* Required work
Lines to return, exactly: from the line with "Come Rain or" to the line with "Great Lakes Distressed Dad Hat" in the entries below, both included.

* Provided records
···
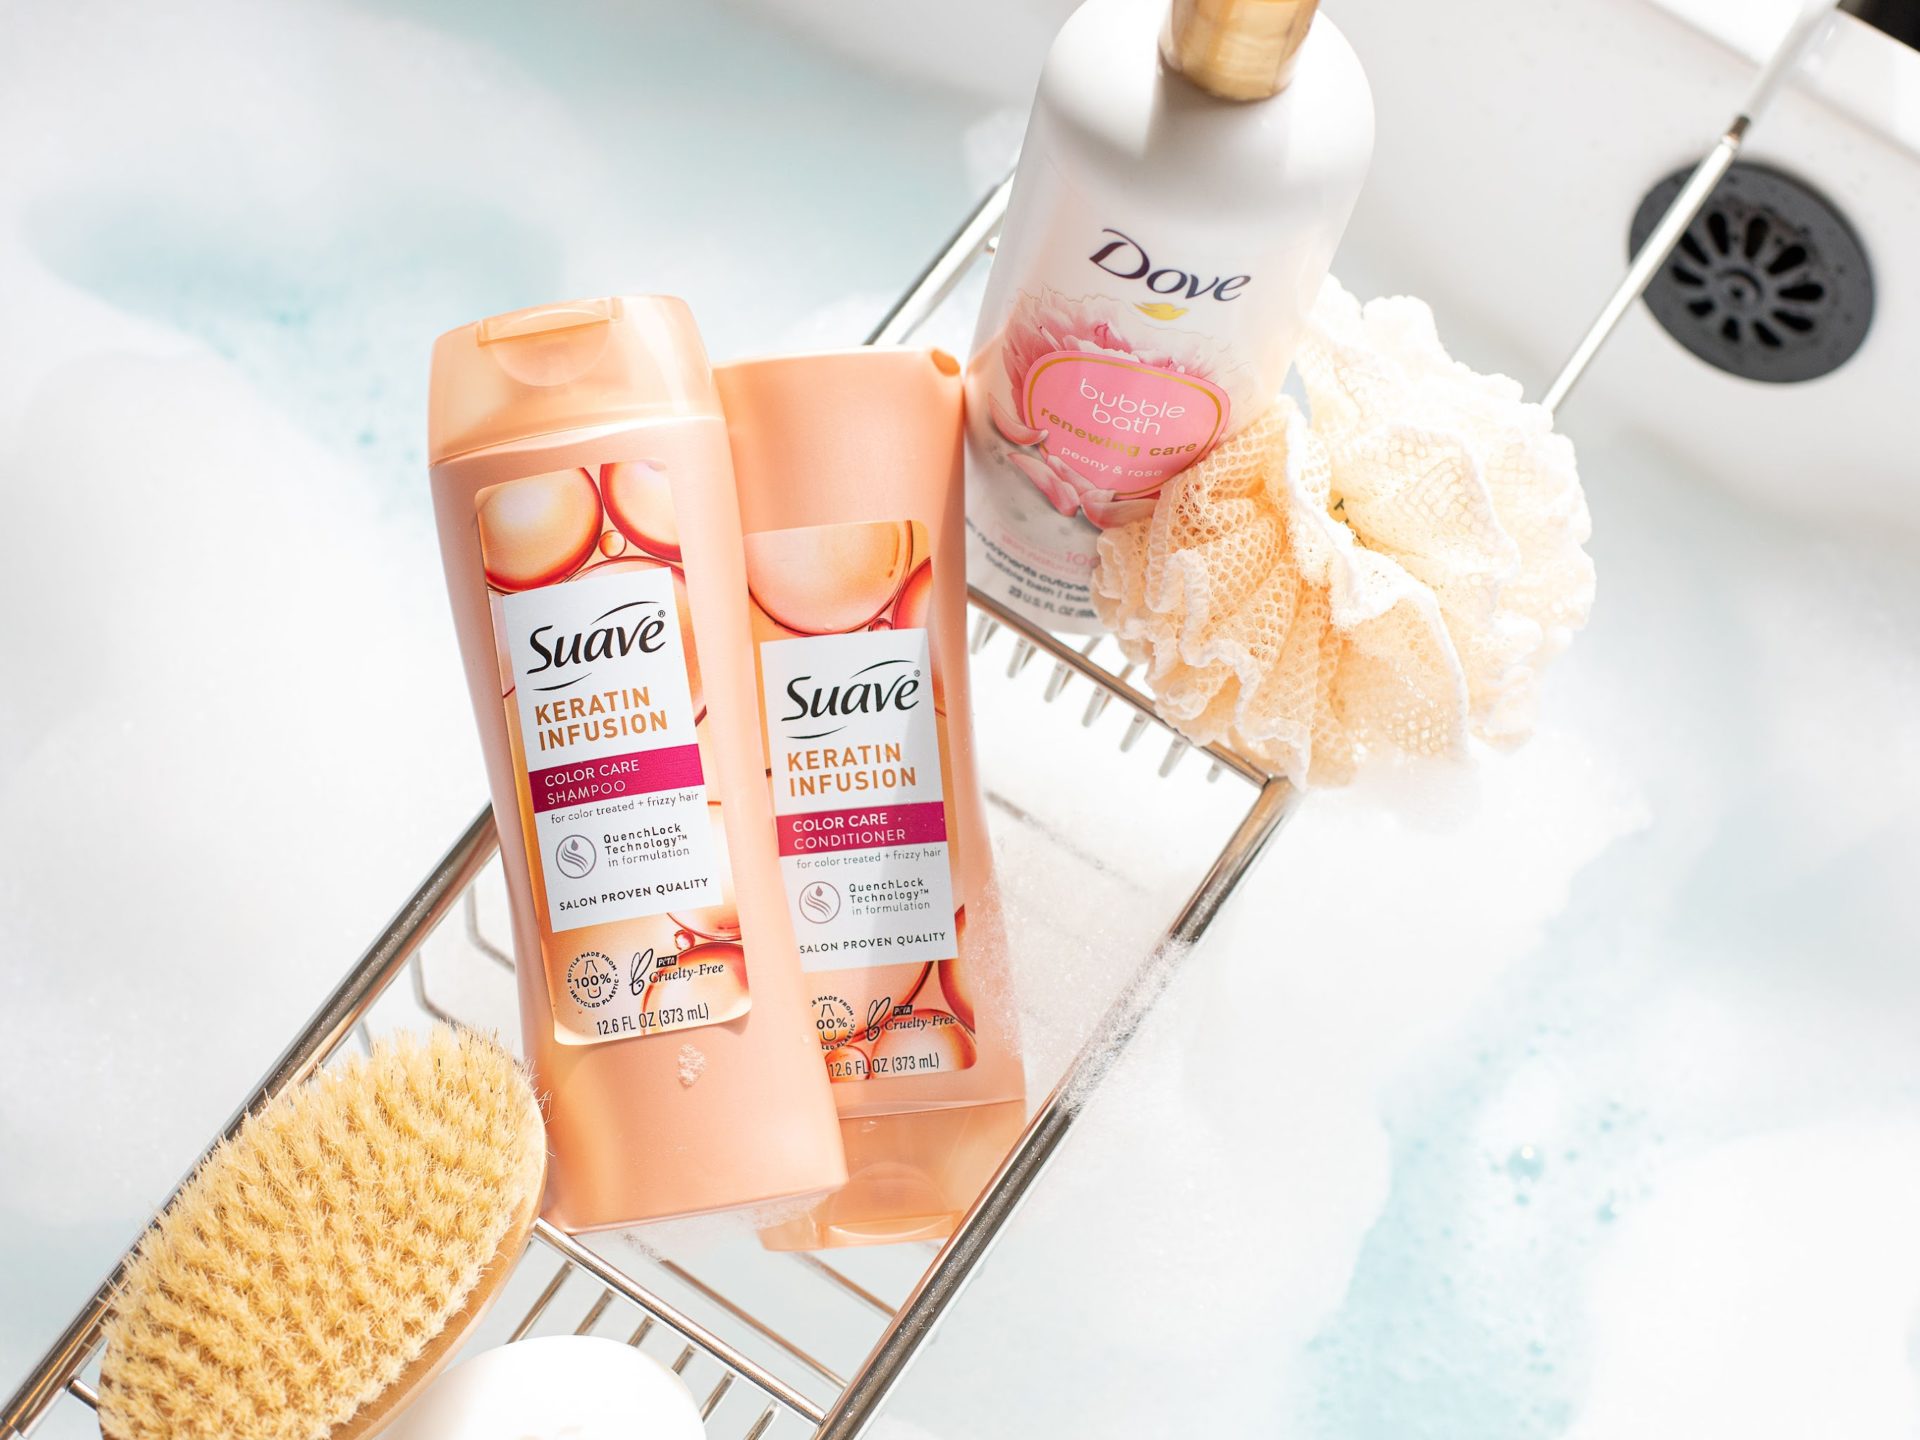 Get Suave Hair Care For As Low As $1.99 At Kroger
···
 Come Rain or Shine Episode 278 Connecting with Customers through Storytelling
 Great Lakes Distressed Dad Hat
···
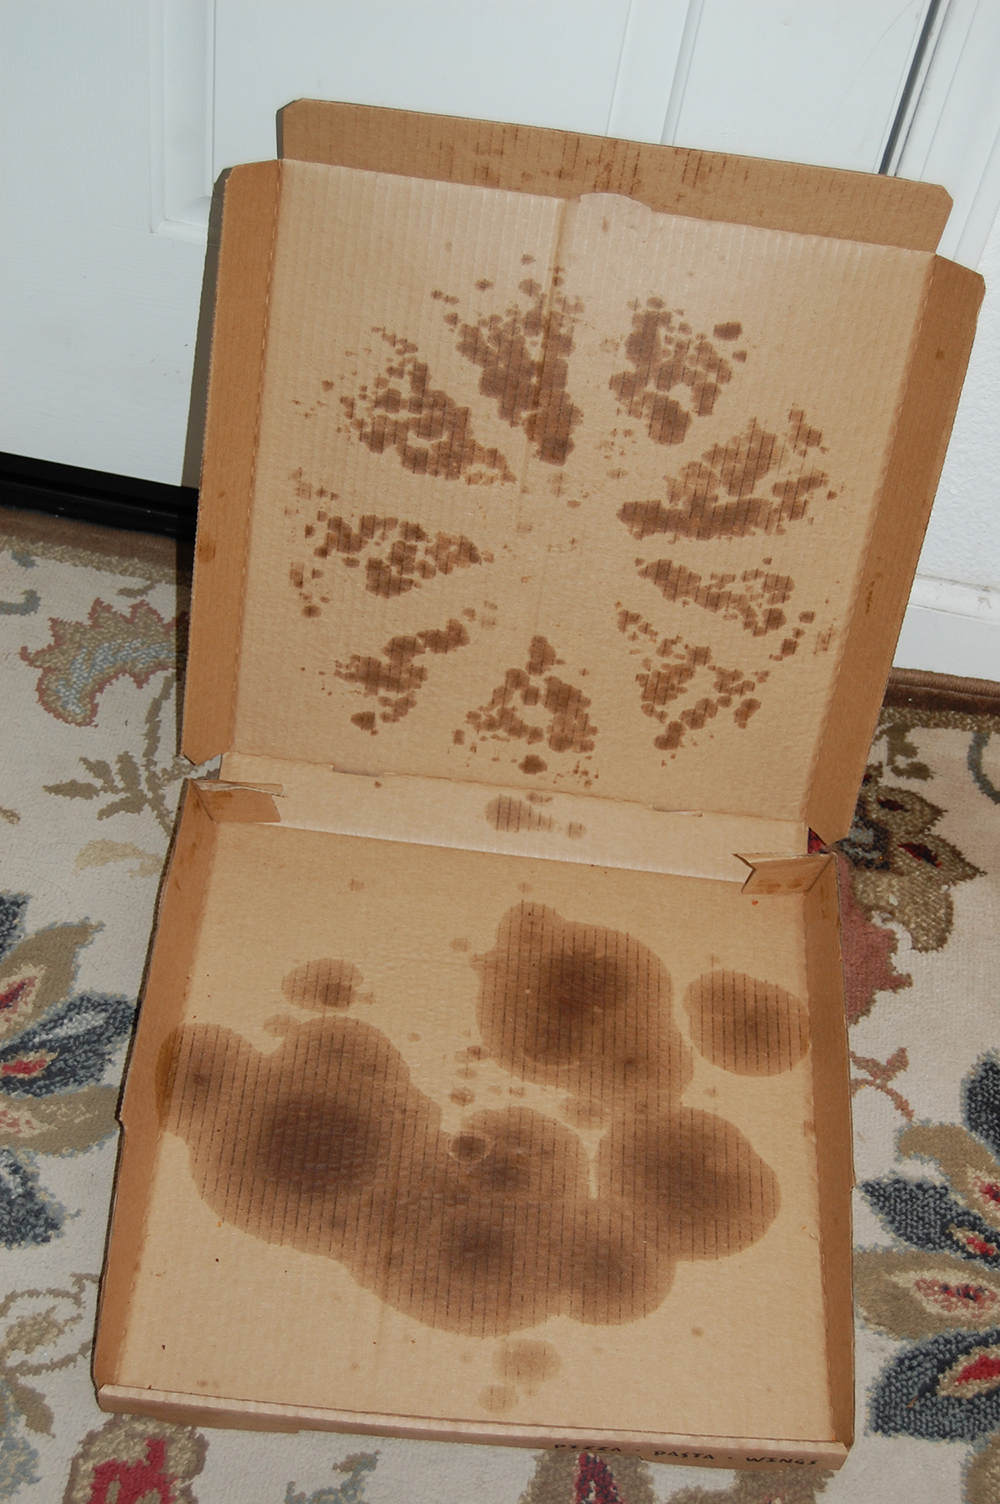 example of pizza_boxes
···
* Final answer
 Come Rain or Shine Episode 278 Connecting with Customers through Storytelling
 Great Lakes Distressed Dad Hat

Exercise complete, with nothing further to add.